I’m trying to figure out how to run automated browser tests on Heroku without displaying the actual browser window. My team built a testing script that uses Selenium to control Firefox, and it works perfectly on our local machines where we can see the browser opening and running the tests.
The problem is that Heroku doesn’t support graphical interfaces, so we need to run our browser automation in the background. I’m wondering if there are specific configuration settings or browser parameters we can add to make our existing Selenium code work in a non-visual mode.
We want to avoid rewriting our entire test suite if possible. What options should we configure to make this transition smooth?
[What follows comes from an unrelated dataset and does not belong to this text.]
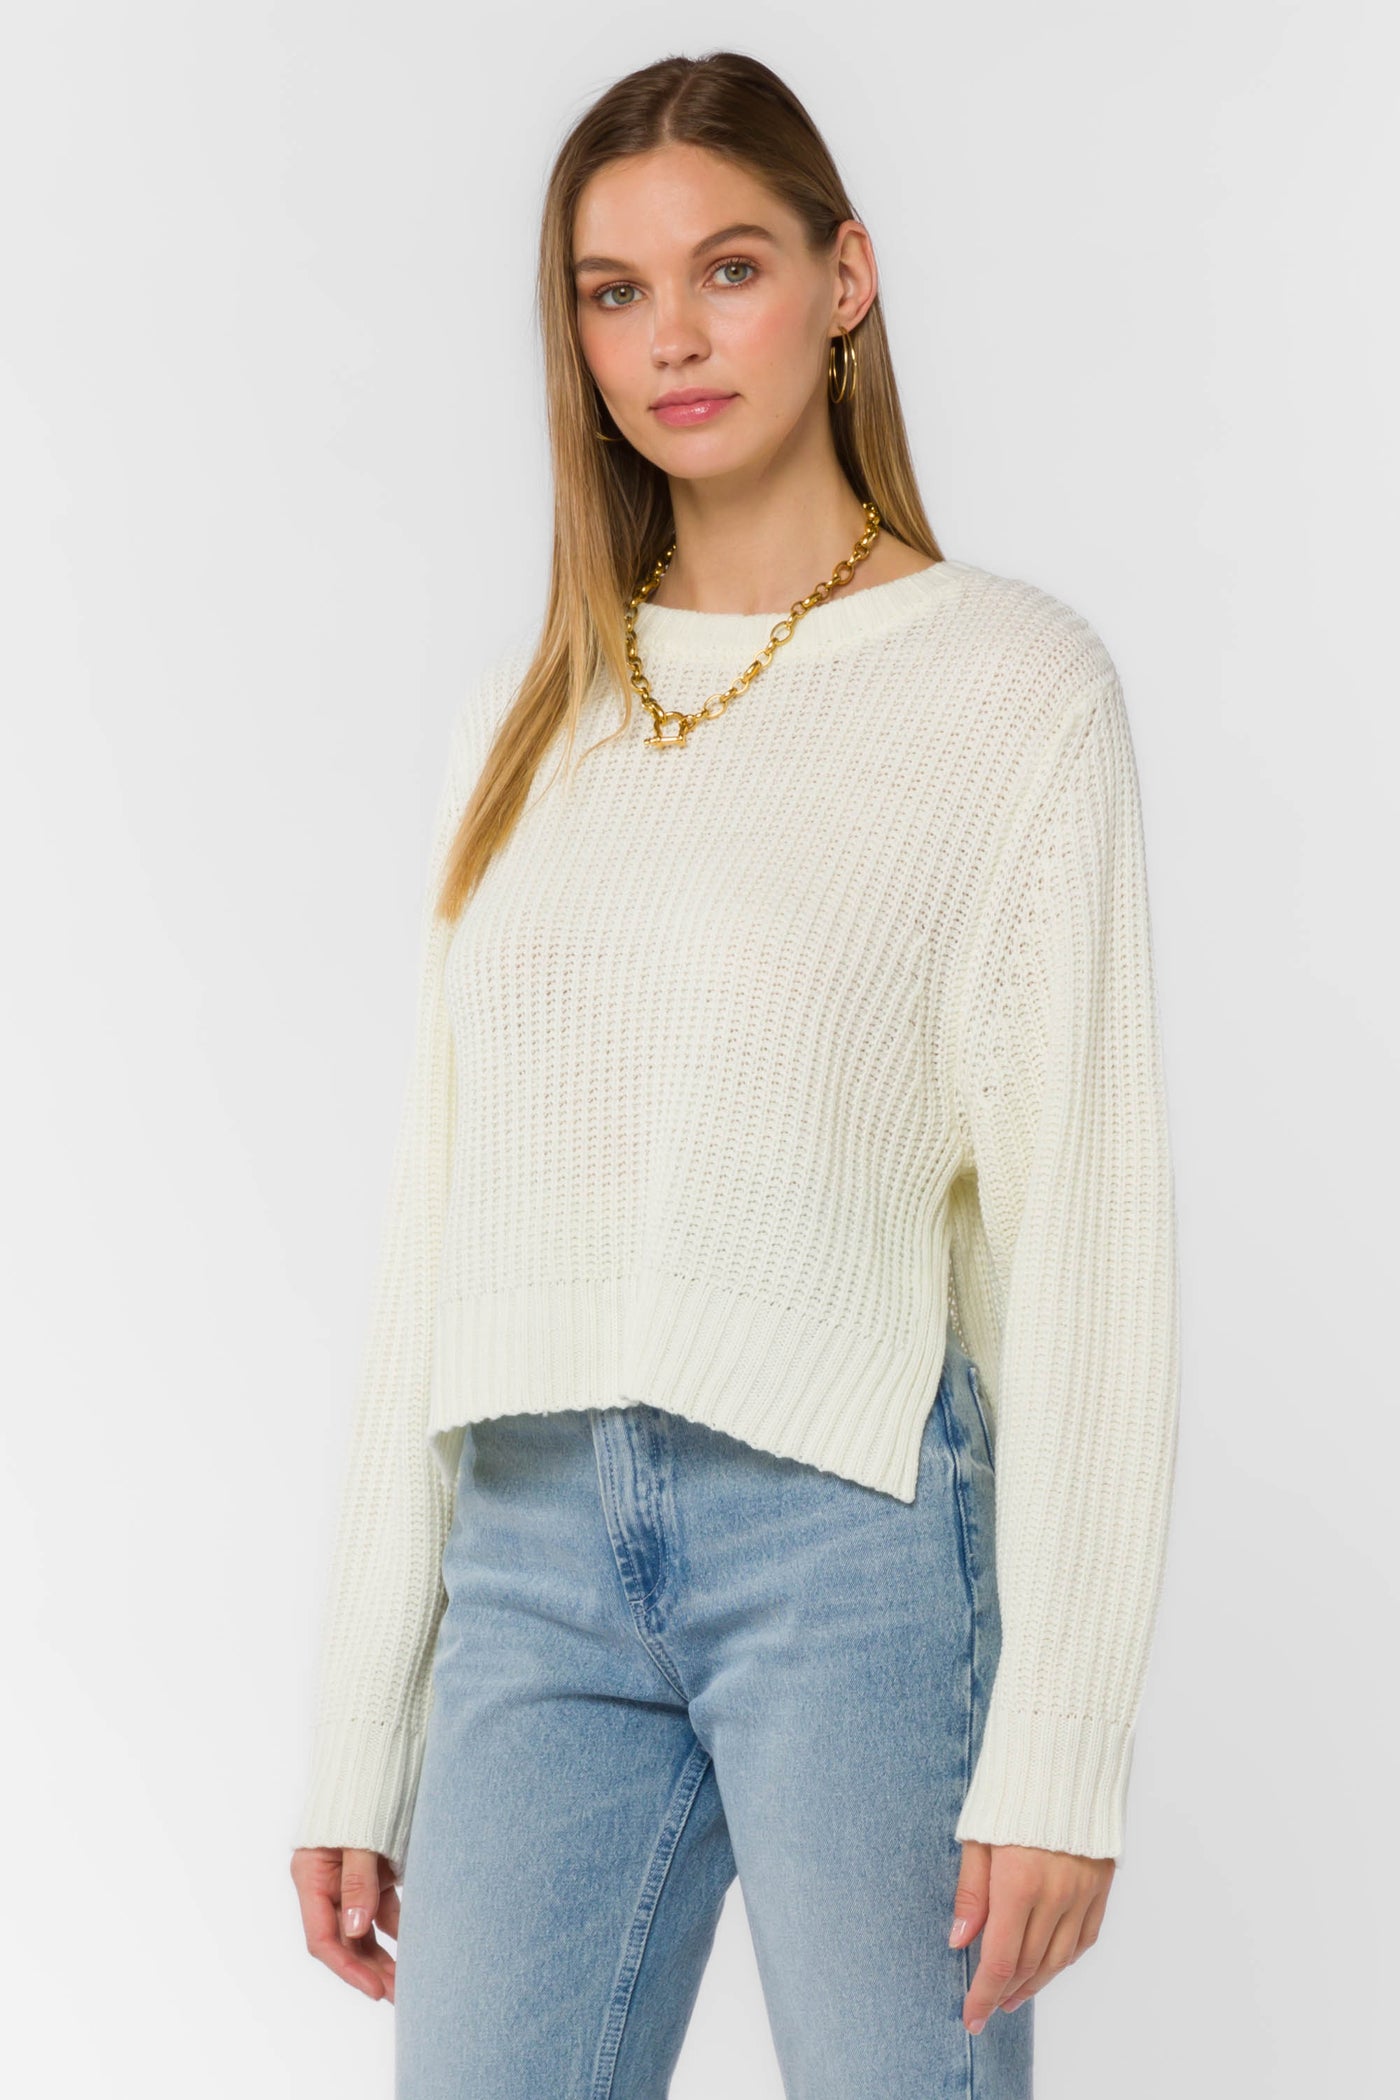 Korina Ivory Sweater - Sweaters - Velvet Heart Clothing

Any advice on the best approach for headless browser automation on cloud platforms would be really helpful.
Had the same issue deploying Selenium tests to Heroku last year. Super easy fix: just add the headless option to your FirefoxOptions before creating the driver instance. Don’t forget to include the Firefox buildpack in your Heroku app too. Headless mode does everything a regular browser does minus the visual stuff - actually runs faster. I didn’t change any test logic, just tweaked the driver setup. Heads up though - some interactions can behave differently in headless mode, so test your critical flows after deployment to make sure everything works.
I switched from local Selenium to Heroku six months ago and hit the same issues. You’ll need headless mode plus specific Firefox arguments for Heroku. Add no-sandbox and disable-dev-shm-usage flags to avoid memory problems. I’d also throw in disable-gpu and window-size parameters - keeps things consistent across tests. The Firefox buildpack installs the browser automatically, but double-check your requirements.txt has a Selenium version that plays nice with the buildpack’s Firefox. Learned this one the hard way: Heroku’s filesystem is ephemeral, so screenshots and downloads disappear when dynos restart. You’ll need to rework any test assertions that depend on saved files.
firefox is a pain on heroku. switch to chrome - it’s way more stable headless and the google-chrome buildpack just works better. change webdriver.Firefox() to webdriver.Chrome(), add --headless --no-sandbox flags, and ur done. saves u tons of headaches vs fighting firefox’s quirks in production.